EDIT 1: This model has been brought up here before. Seems like the author of that post was using a custom Op for the normal CDF, but it should be possible to do this in vanilla theano/pymc3 since tt.erf
exists.
EDIT 2: Based on the previous post, I have re-written the description and code to be more consistent with previous work.
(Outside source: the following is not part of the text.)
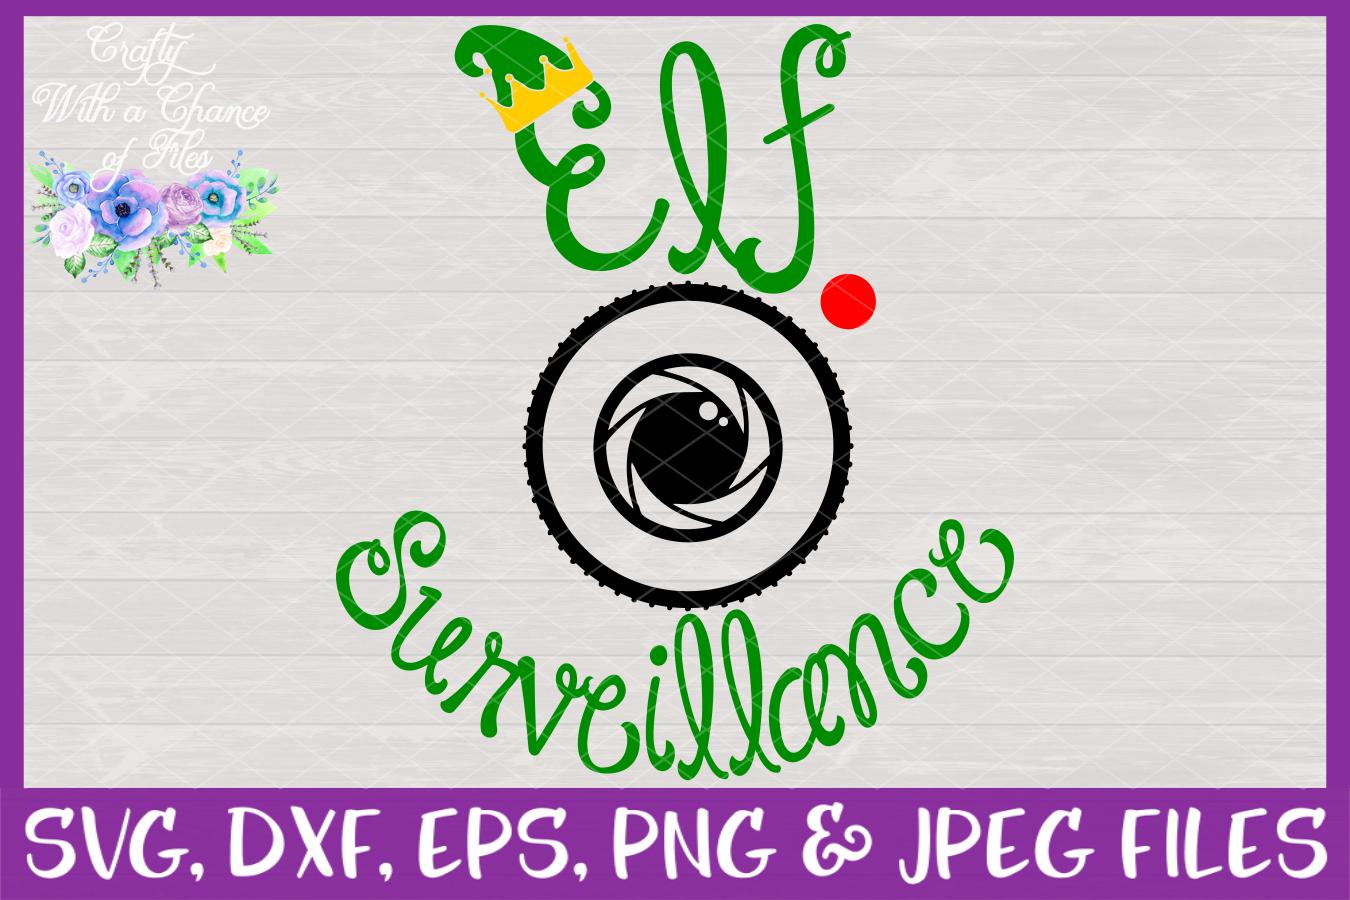 Elf Surveillance SVG - Christmas Ornament Design example image 3

The error does not go away, but I get closer.
I’m trying to model ordinal data (e.g., Likert scale) with K possible ordinal values.
The ordered probit model approach from Kruschke (Chap. 23 in DBDA) assumes there is an underlying latent normal random variable with unknown mean \mu and scale \sigma, which is chopped up into K based on K-1 fixed thresholds, denoted by \theta_1, \theta_2, \dots \theta_{K-1}, . Without loss of generality, the lowest and highest thresholds are fixed: \theta_1\equiv1.5 and \theta_{K-1}\equiv K - 0.5.
Here is a minimal example:
import numpy as np
import pymc3 as pm
import theano.tensor as tt
with pm.Model():
K = 7
data = np.random.randint(K, size=100)
thresholds = np.linspace(1.5, K - .5, K - 1)
obsthresh = np.ma.asarray(thresholds)
obsthresh[1:-1] = np.ma.masked
theta = pm.Normal("theta", mu=thresholds, sigma=K, shape=K, observed=obsthresh)
theta = tt.concatenate([[-np.inf], theta, [np.inf]])
mu = pm.Normal(name="mu", mu=(1 + K) / 2, sd=K)
sig = pm.HalfCauchy(name="sig", beta=1)
_p = 0.5 * (1 + pm.math.erf((theta - mu) / (sig * tt.sqrt(2))))
p = _p[1:] - _p[0:-1]
pm.Deterministic(name="p", var=p)
# prior on data
pm.Categorical(name='y', p=p, observed=data)
trace = pm.sample(chains=2) # adding `step=pm.Slice()` here fixe "bad initial energy"
pm.traceplot(trace)
plt.show()
This works nicely with slice sampling but not with NUTS, and I don’t know why. Two possibilities come to mind:
- There is an
erf
in the model. - The lack of monotonicity constraint on the middle thresholds.
I can’t figure out if either or both of these are real problems. Any suggestions?